Meditation has a lot of benefits and the results have been scientifically
validated by different groups of researchers:
[http://www.sciencedirect.com/science/article/pii/S0005789407...](http://www.sciencedirect.com/science/article/pii/S000578940700072X)
[http://link.springer.com/article/10.1007%2FBF00845519](http://link.springer.com/article/10.1007%2FBF00845519)
[http://www.ncbi.nlm.nih.gov/pmc/articles/PMC1361002/](http://www.ncbi.nlm.nih.gov/pmc/articles/PMC1361002/)
[http://news.harvard.edu/gazette/story/2011/01/eight-weeks-
to...](http://news.harvard.edu/gazette/story/2011/01/eight-weeks-to-a-better-
brain/)

A recent research even showed that meditation is more powerful than a placebo:
[https://news.ycombinator.com/item?id=10789738](https://news.ycombinator.com/item?id=10789738)

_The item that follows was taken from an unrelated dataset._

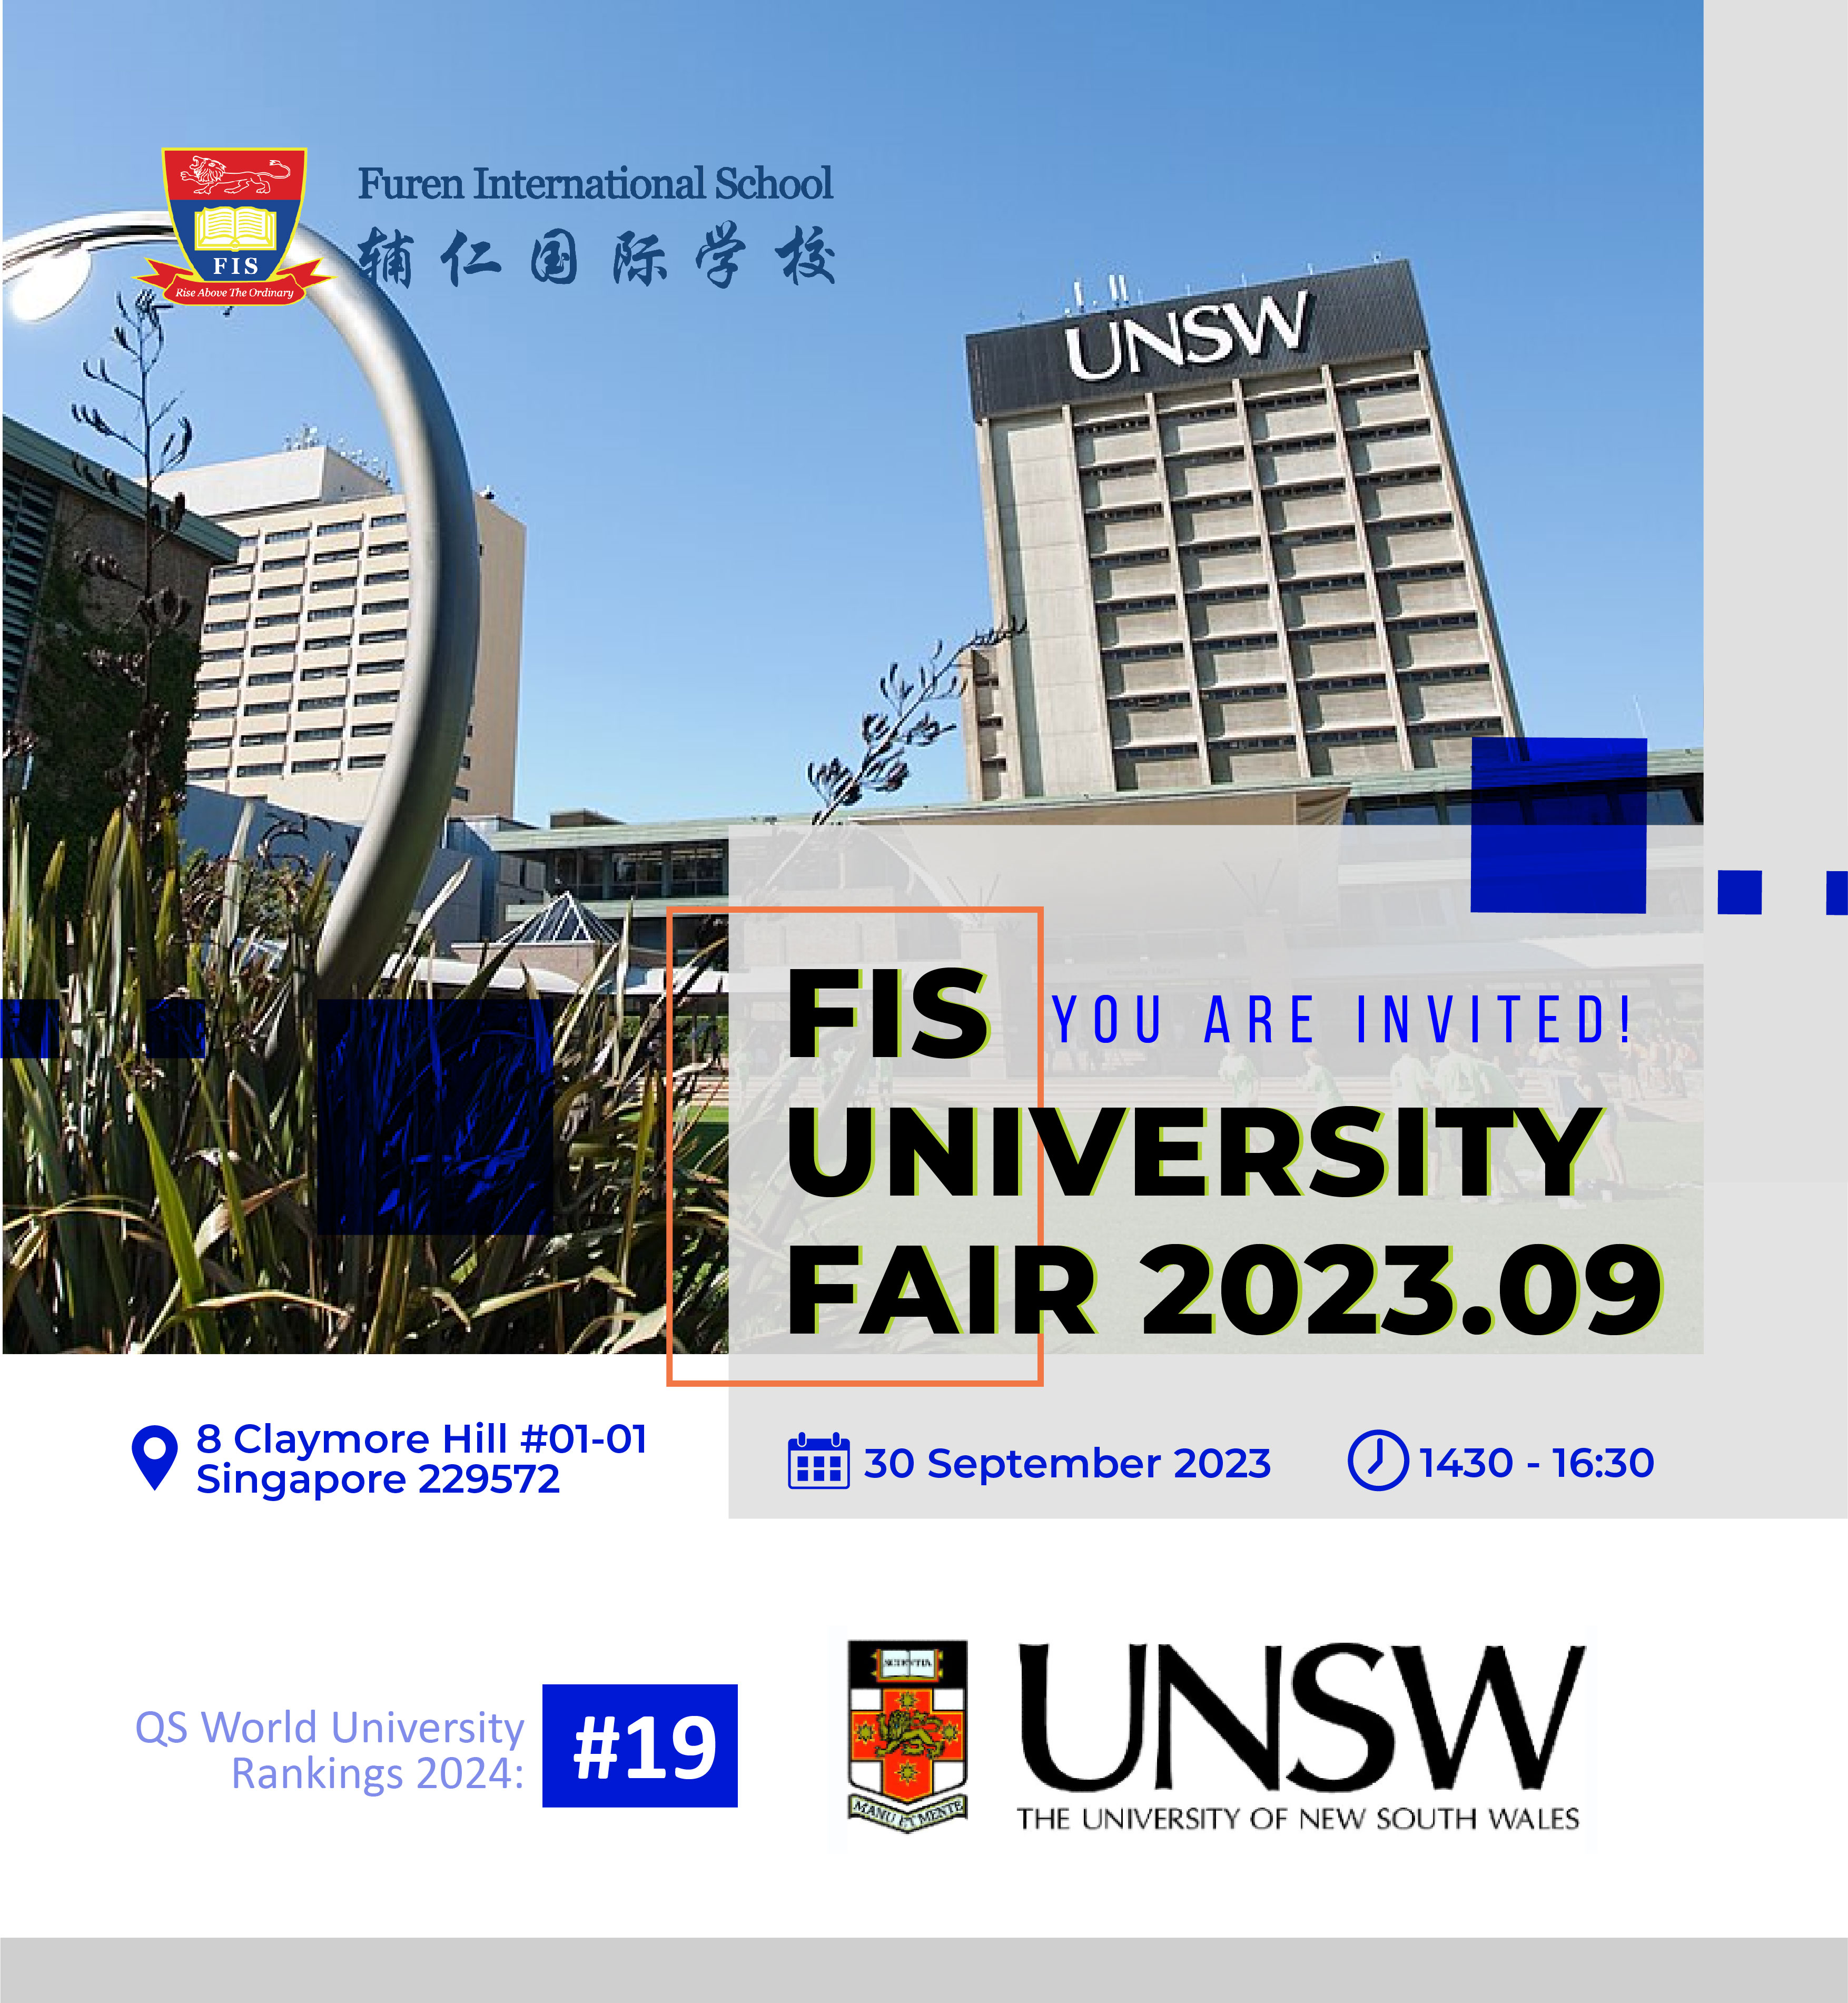 FIS University Fair – University of New South Wales
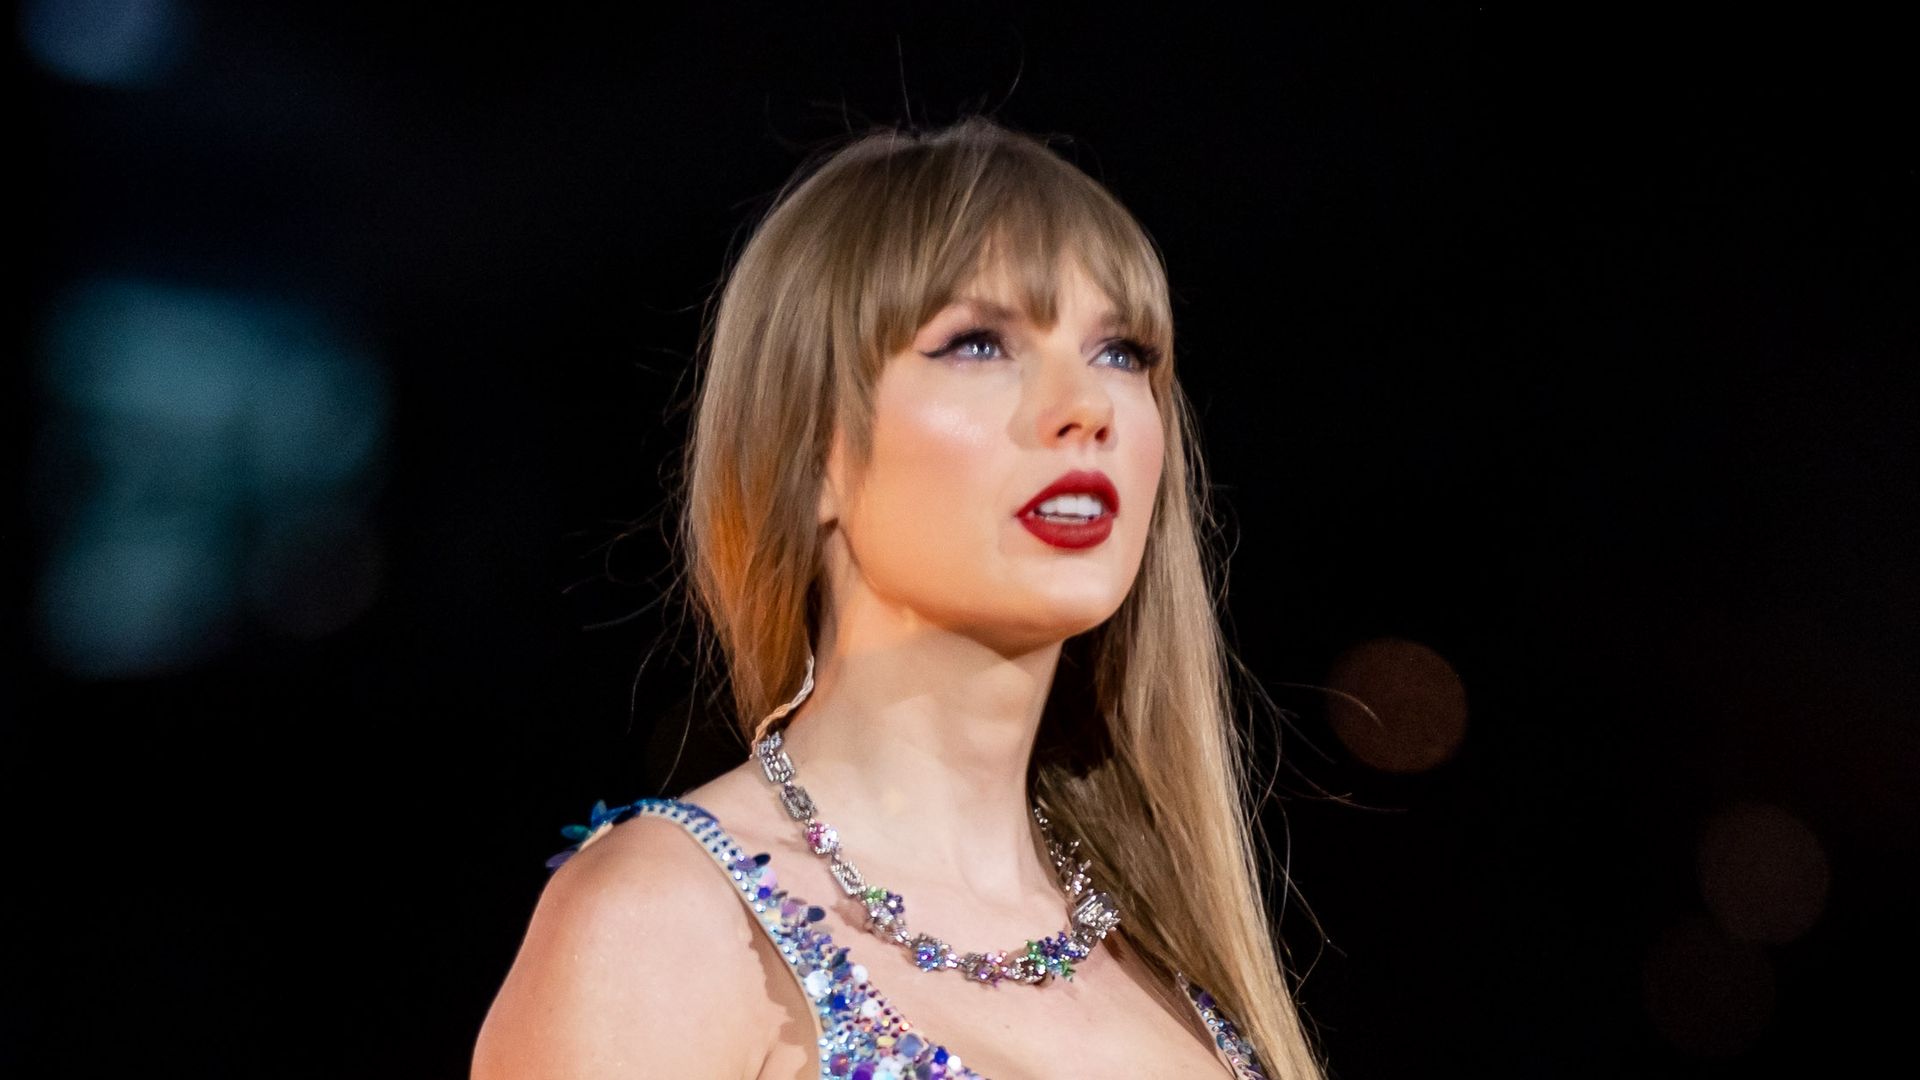 Taylor Swift: Speak Now (Taylor's Version) Album Review

If you are still skeptical, watch this video by Dan Harris, a skeptical news
reporter turned meditation evangelist, it convinced me to meditate everyday
and I think it'll convince you too:
[https://www.youtube.com/watch?v=FAcTIrA2Qhk](https://www.youtube.com/watch?v=FAcTIrA2Qhk)

------
nichochar
Although I'm a fan of meditation, and actually do think it increases focus, I
think the experiment they conducted is not very scientific:

>Headed by Katherine MacLean at Johns Hopkins University School of Medicine in
Baltimore, the study measured the volunteers’ attention skills by showing them
a succession of vertical lines flashed up on a computer screen. They then had
to indicate, by clicking a mouse, whenever there was a line shorter than the
rest. As the retreat progressed, MacLean and her colleagues noted that the
volunteers became progressively more accurate and found it increasingly easy
to stay focused on the task for long periods.

I feel like I could also get better at it just by practicing... At least I
think they should have benchmarked the experiment by comparing to people not
meditating 5 hours a day, this is just inductive reasoning to me.

This being said, I love meditating and have found it to bring lots of good
benefits to me. I find that focus can be trained in better ways, but
meditation is great at making me enjoy the present moment, and take my time
more.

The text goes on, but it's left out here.